RETFound-Green - a high performance retinal image foundation model trained with half-the-data and 400 times less compute

🚧 Under construction: At present, this repo contains the RETFound-Green model weights and basic instructions for usage. We're currently cleaning up and documenting the code for training and evaluation. Email us if you encounter any issues or would like a preview version.

Basic useage

To load RETFound-Green, you need to install a recent version of pytorch (we used 2.2) and timm (we used 0.9.12), and download the model weights shared as "release" on this GitHub repo (sidebar on the right, or click this link).

You can then simply load the model like this:

import timm
import torch

rfg = timm.create_model('vit_small_patch14_reg4_dinov2',
                        img_size=(392, 392), num_classes=0).eval()
rfg_weights = torch.load('retfoundgreen_statedict.pth')
rfg.load_state_dict(rfg_weights)

No additional custom code is needed. You do not need to clone this GitHub repo to use RETFound-Green.

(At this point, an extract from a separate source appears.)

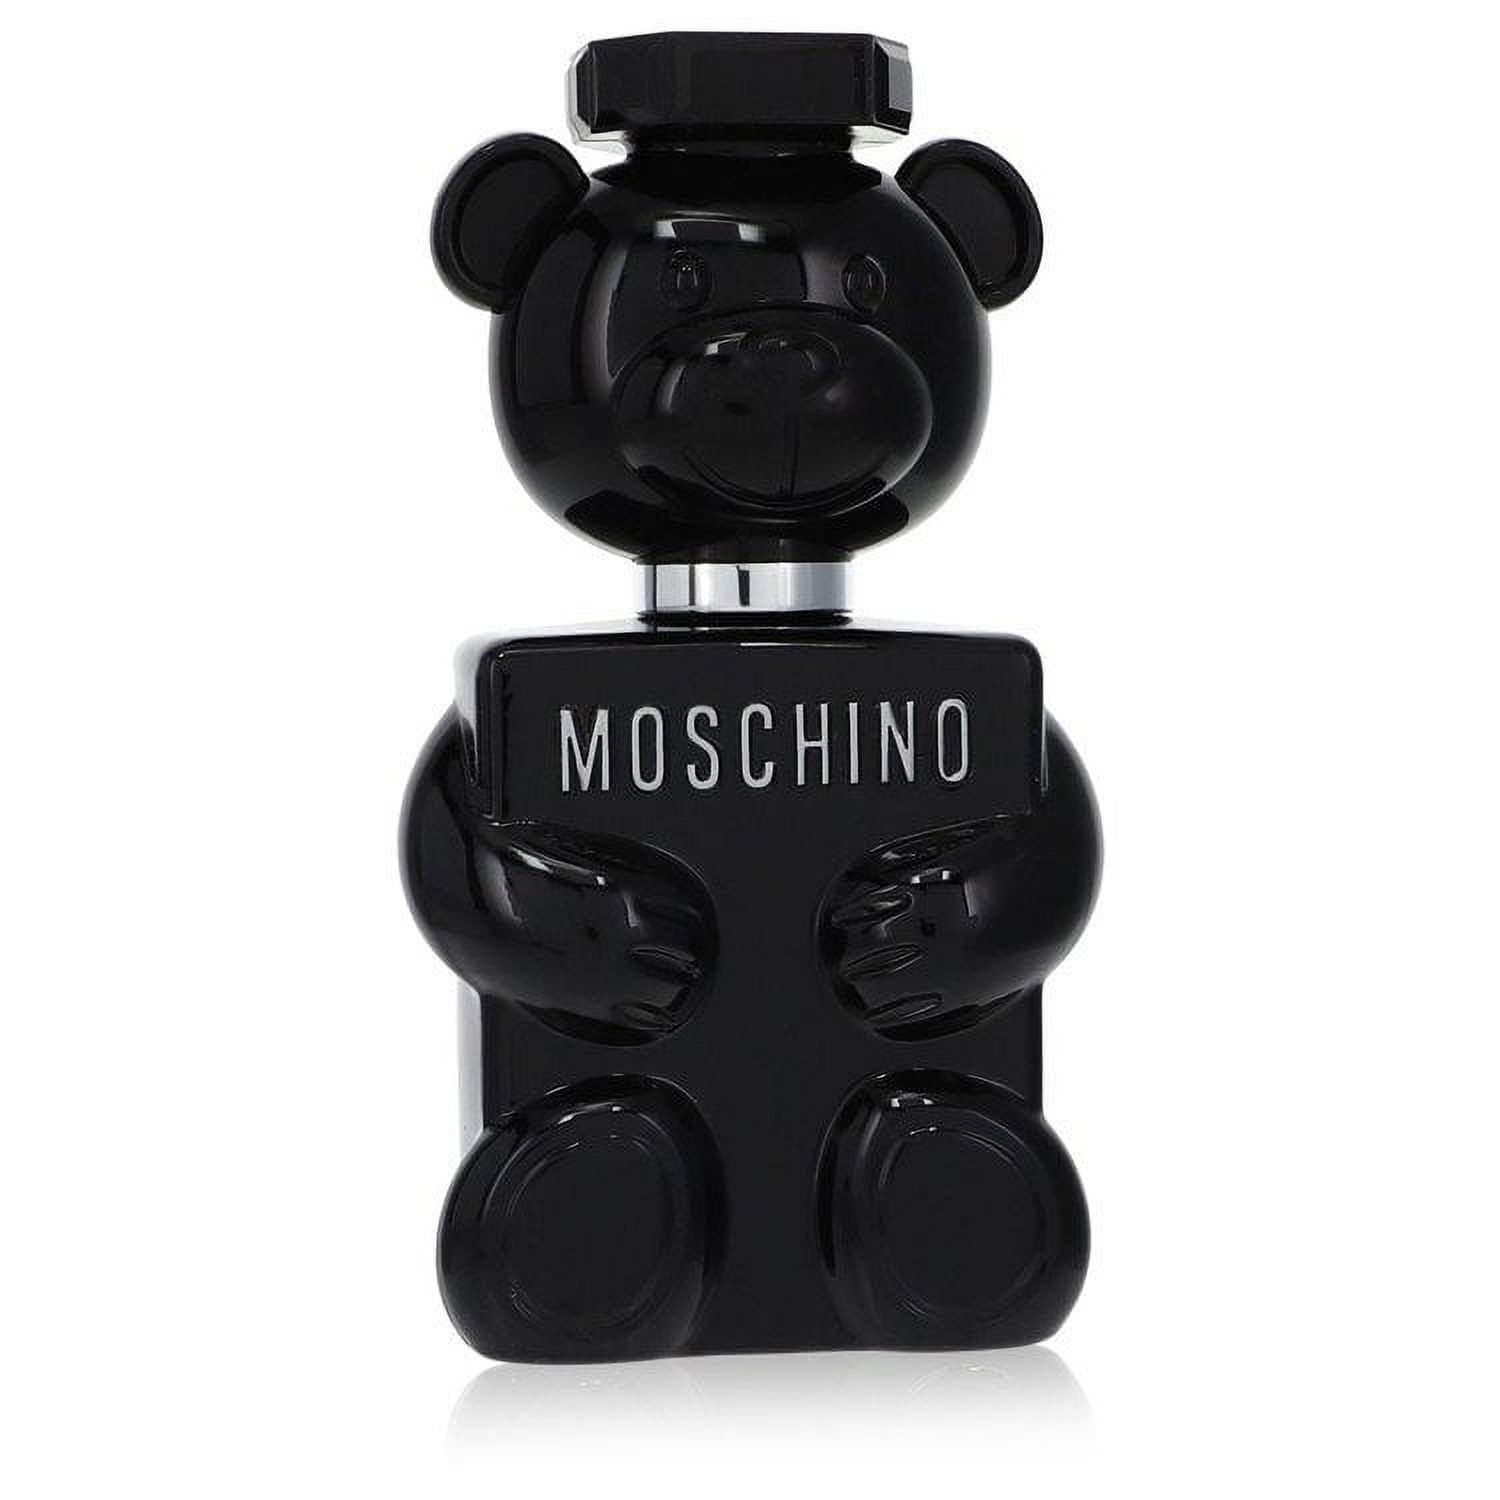 Moschino Toy Boy by Moschino Eau De Parfum Spray 3.4 oz for Men - Brand ...
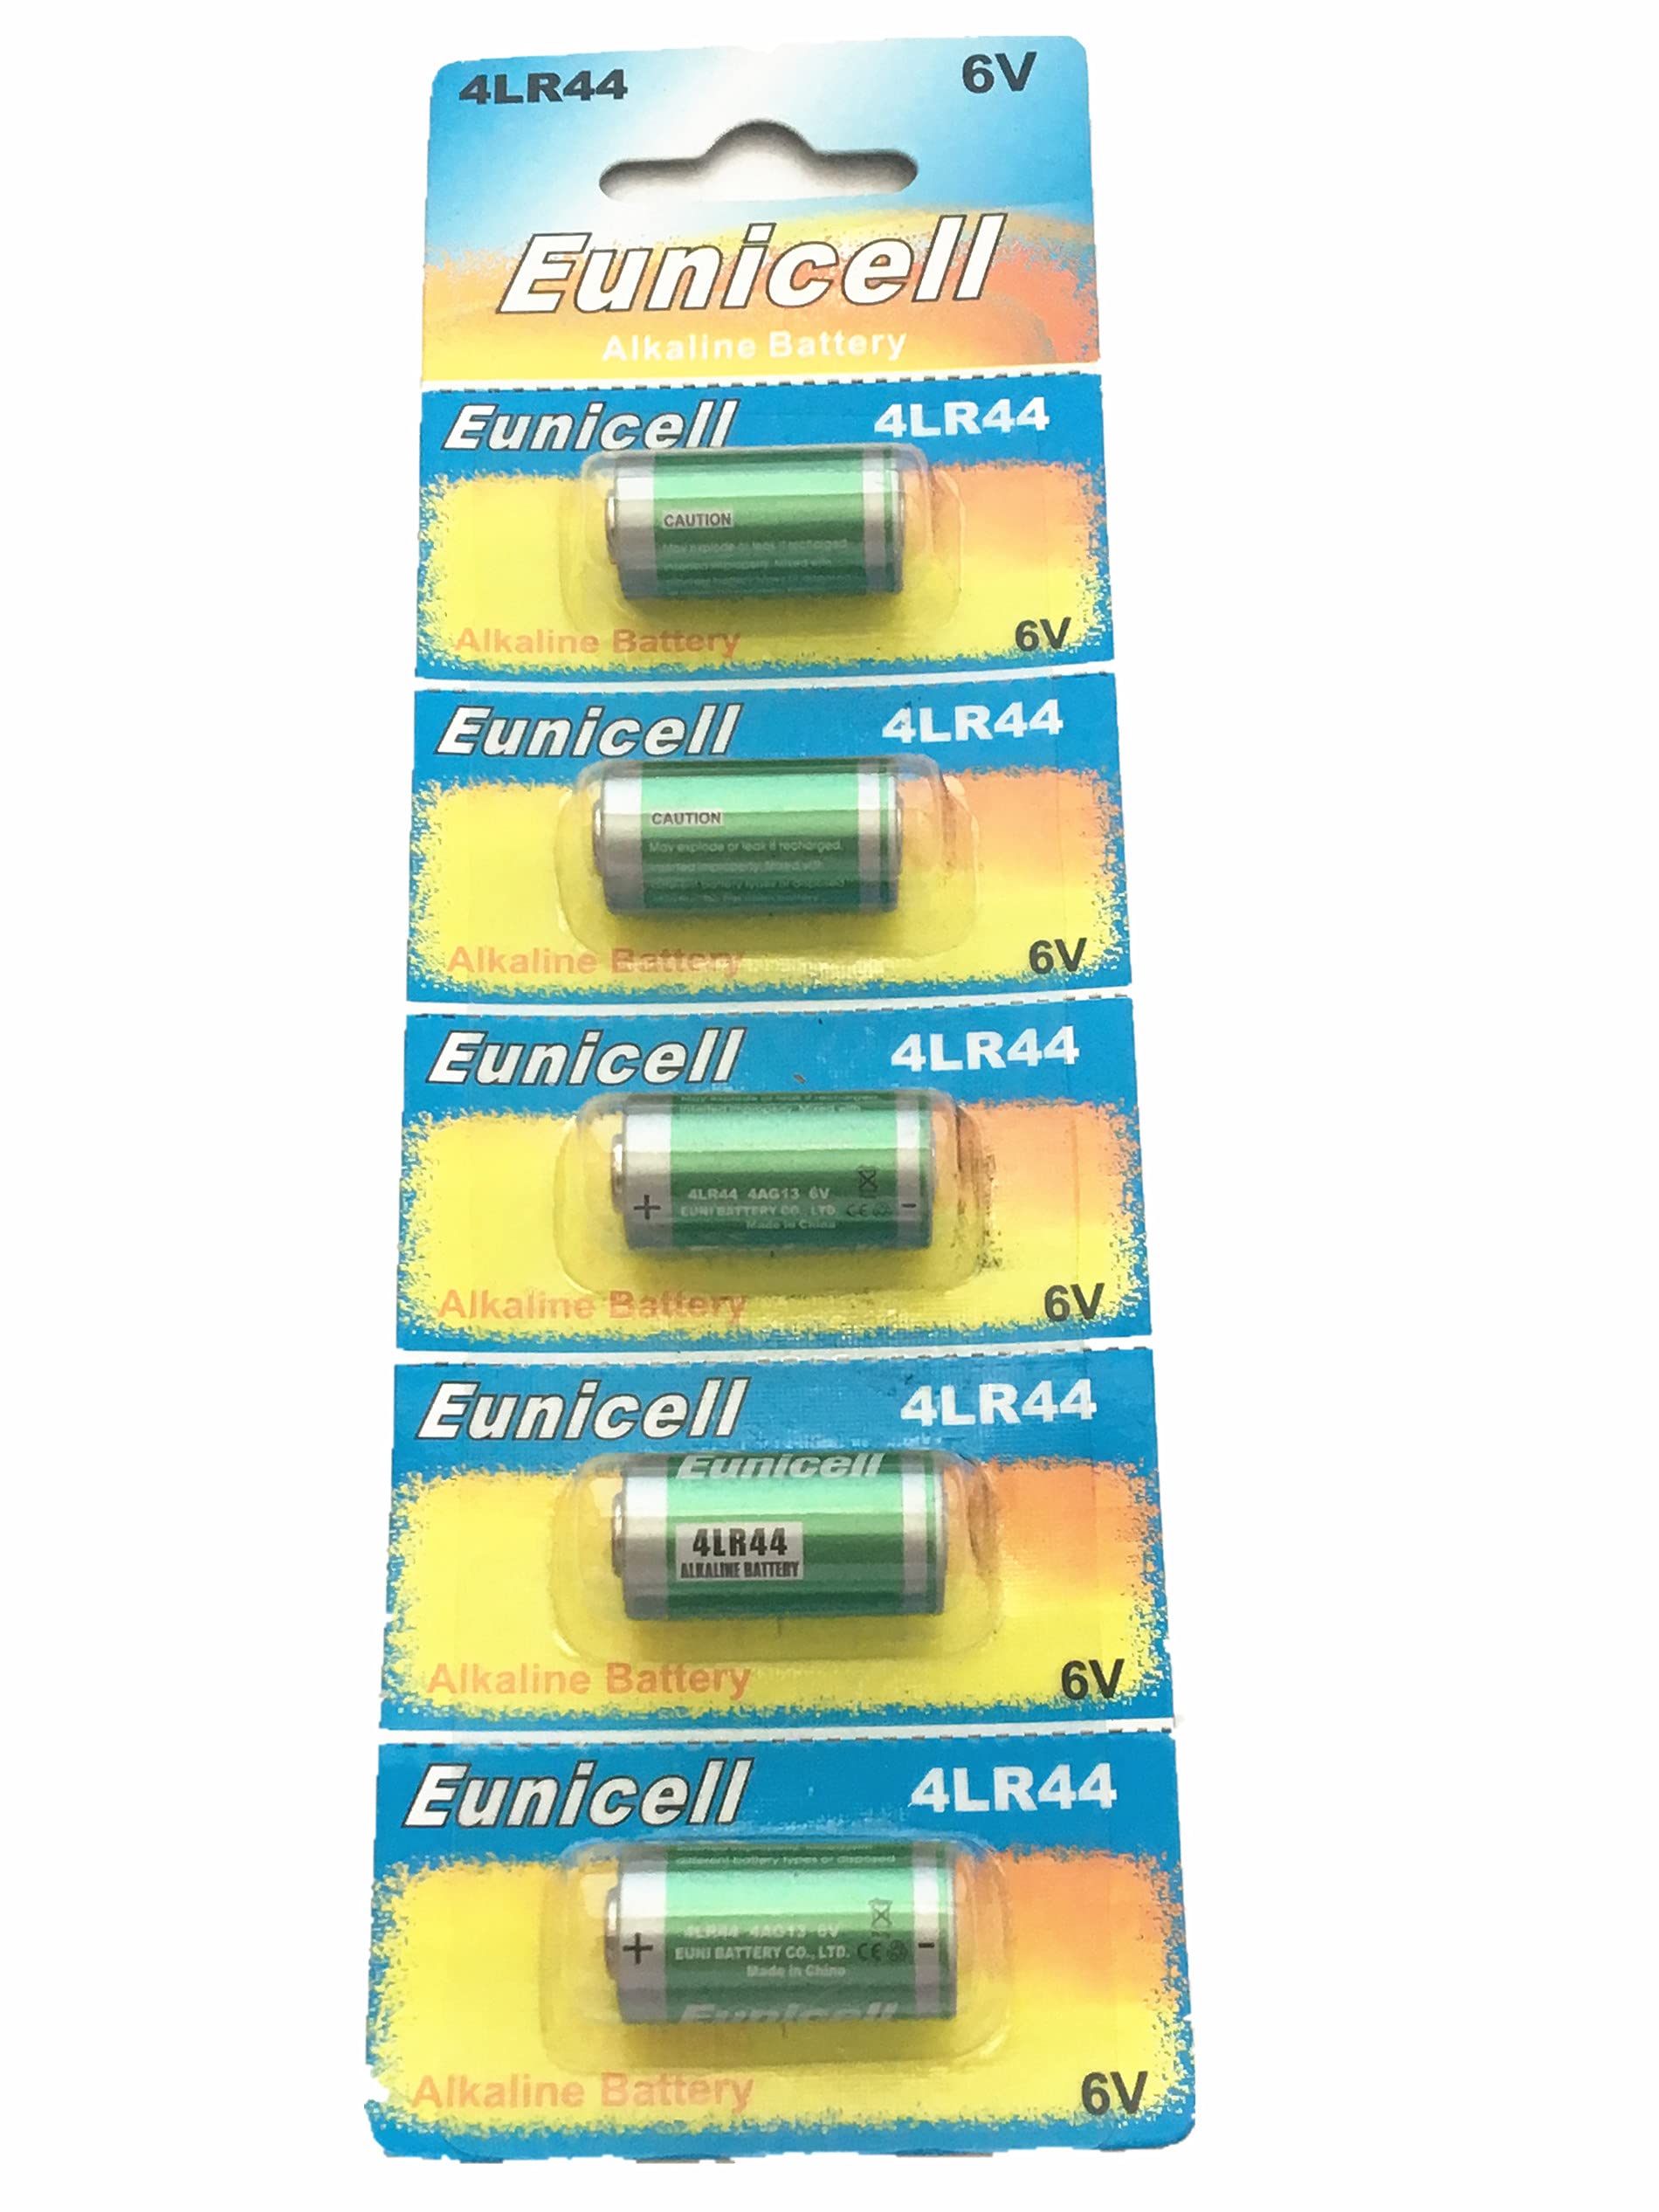 Hillflower 1000 Piece 4LR44 PX28A A544 476A K28A L1325 Card 0% Hg 6V Long Duration Alkaline Battery

Note that the model uses normalisation constants of 0.5 for all three channel means and standard deviations. Please use the modern torchvision "v2" API and pytorch's read_image function. Your data transformation and inference should look something like this:

import torch
from torchvision.transforms import v2 as T
from torchvision.io import read_image

transforms = T.Compose([T.Resize((392, 392), antialias=True),
                        T.ToDtype(torch.float32, scale=True),
                        T.Normalize((0.5,), (0.5,))])

img = read_image('path/to/your/img.jpg')
img = transforms(img)
# add dummy batch dimension
img = img.unsqueeze(0)
with torch.inference_mode():
    # get model features and remove dummy batch dimension
    features = rfg(img).squeeze()

For faster inference, use a pytorch dataloader for batch inference and use GPU-acceleration if you have a recent nvidia GPU. However, processing images one-by-one on CPU is reasonably fast, too, in our experience.